Rule은 방금 언급했듯이 각각의 작업이다. Rule의 구조는 기본적으로

rule rule_name:
     input: input_file
     output: output_file
     params: param1=param1, pram2=param2
     shell: "command --option1 {params.param1} --option2 {params.param2} {input} {output}"

의 구조로 되어있다.

rule_name 은 rule의 이름을 지정한다
input은 input_file을 지칭한다. input_file이 존재하지 않을경우에는 일정시간(default:5seconds)를 기다린 후 없으면 pipeline의 수행을 abort시킨다.
output은 output_file을 지칭한다. 해당 작업(rule)을 수행함으로써 만들어지는 output_file을 지칭한다.
params는 해당 작업에 쓰일 parameter를 지칭한다. 뒤에서 언급하겠지만 Snakefile에서 설정하는 전역변수를 지정할 수 있다.
shell은 수행할 작업 명령이다.
shell 대신 run을 쓸수 있는데 이때는 command라인 명령어 대신 python3 코드를 수행할 수 있다

Construct DAG with rules

Snakemake는 이렇게 정의된 rule들로 DAG(Directed Acyclic Graph)를 만든다 가령 rule tophat와 cufflinks를 살펴보자.

rule tophat:
     input: fwd="samples/raw/{sample}_1.fastq.gz", rev="samples/raw/{sample}_2.fastq.gz"
     params: GFF=GFF, BowtieIndex=BowtieIndex, LibraryType=LibraryType
     output: "samples/bam/{sample}.bam"
     shell:""" 
	mkdir -p samples/tophat/{wildcards.sample} 
	tophat -p 10 -o samples/tophat/{wildcards.sample} -G {params.GFF} --library-type {params.LibraryType} {params.BowtieIndex} {input.fwd} {input.rev}  
   	mv samples/tophat/{wildcards.sample}/accepted_hits.bam samples/bam/{wildcards.sample}.bam
"""

rule tophat의 경우 tophat으로 align을 시킨후 결과물인 samples/tophat/{sample}/accepted_hits.bam을 samples/bam/{sample}.bam으로 옮기는 것을 볼 수 있다.

rule cufflinks는 다음과 같다.

rule cufflinks:
     input: "samples/bam/{sample}.bam"
     params: GFF=GFF
     output: "samples/cufflinks/{sample}/isoforms.fpkm_tracking"
     shell: "cufflinks -p 10 -G {params.GFF} --output-dir samples/cufflinks/{wildcards.sample} {input}"
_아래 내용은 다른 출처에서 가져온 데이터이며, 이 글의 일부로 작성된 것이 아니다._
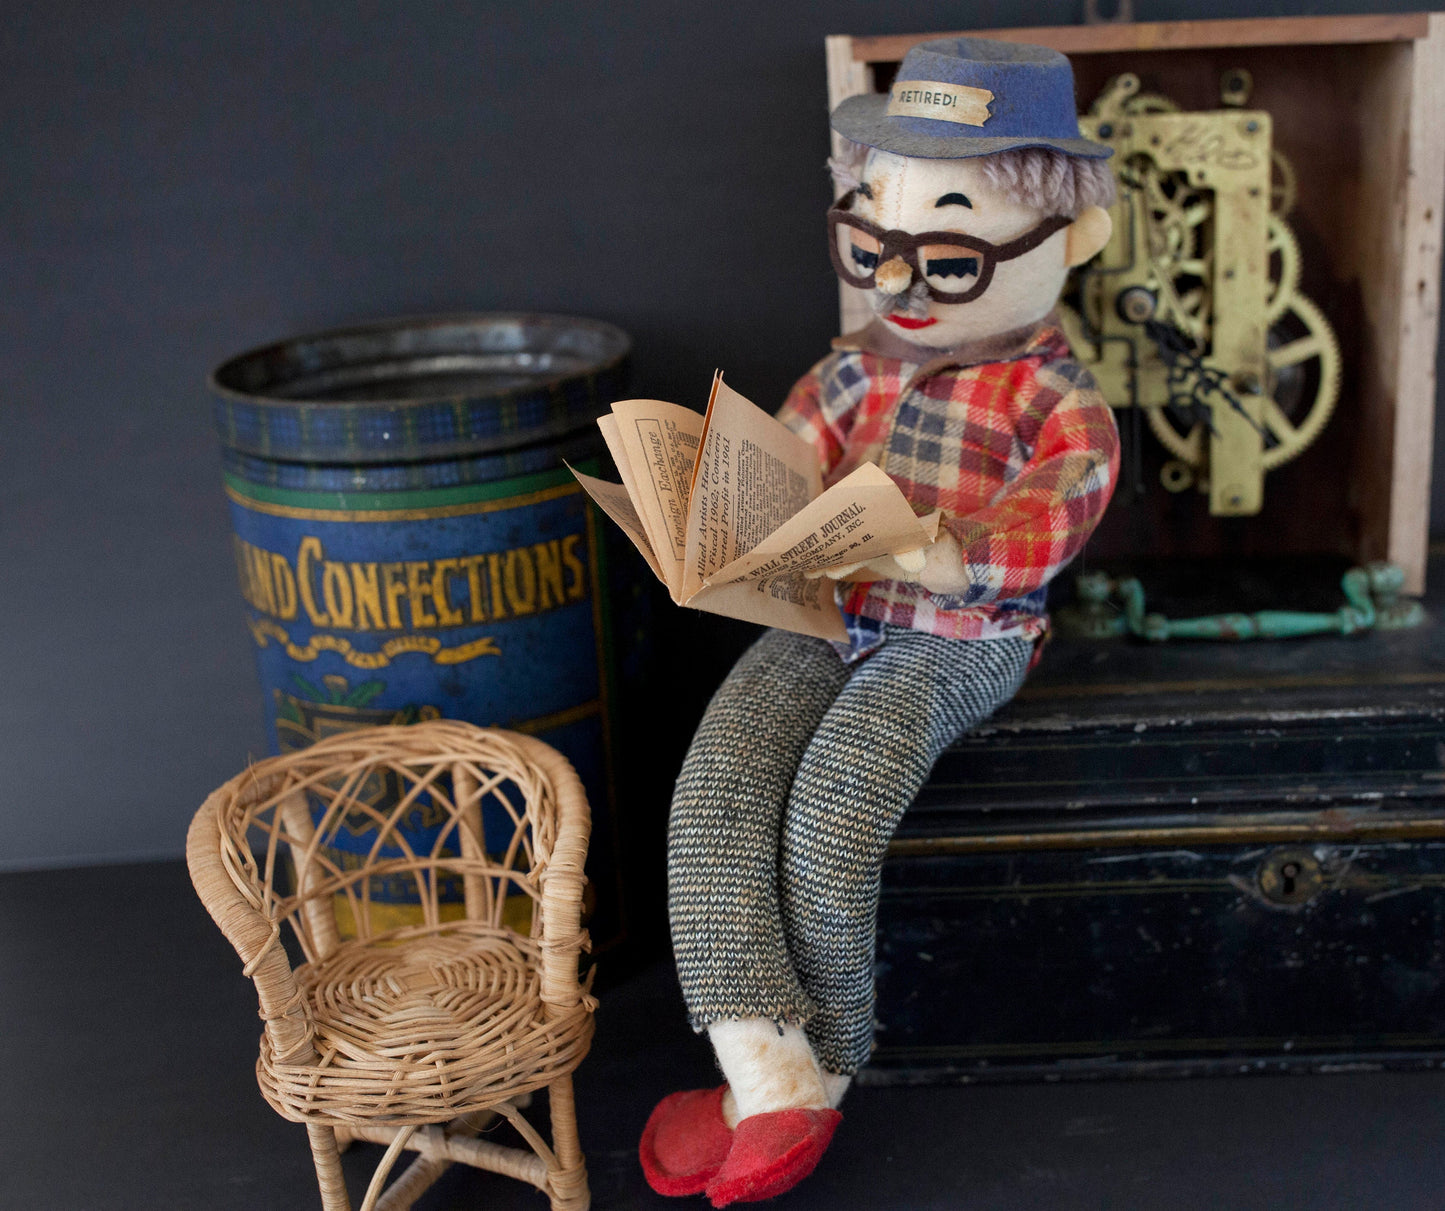 Vintage Retired Man Doll in a Wicker Chair

rule tophat의 output과 rule cufflinks의 input이 동일함을 볼 수 있다.

DAG를 만들기 위하여 각각의 rule들의 input과 output이 명시적으로 같아야 한다

snakemake는이런 input과 output의 관계를 통하여 DAG를 만들고 DAG에 따라서 작업을 자동적으로 수행하게 된다.

즉 rule cufflinks가 수행되기 위해서는 rule tophat의 output이 존재해야 된다는 것이다.

수행하는 예제의 DAG는 다음과 같다.

Parameters and working directory in snakemake

각종 parameter들은 python변수가 지정되듯이 지정될 수 있다.

BASE_DIR = "~/snakemake_exercise/"
WDIR = BASE_DIR + "tutorial"
LibraryType = "fr-firststrand"

snakemake가 수행되는 working directory는 workdir로 지정 될 수 있다.

workdir: WDIR

Wildcard in snakemake

아무런 작업도 수행하지 않은 상태에서 sample 폴더의 file tree를 살펴보자.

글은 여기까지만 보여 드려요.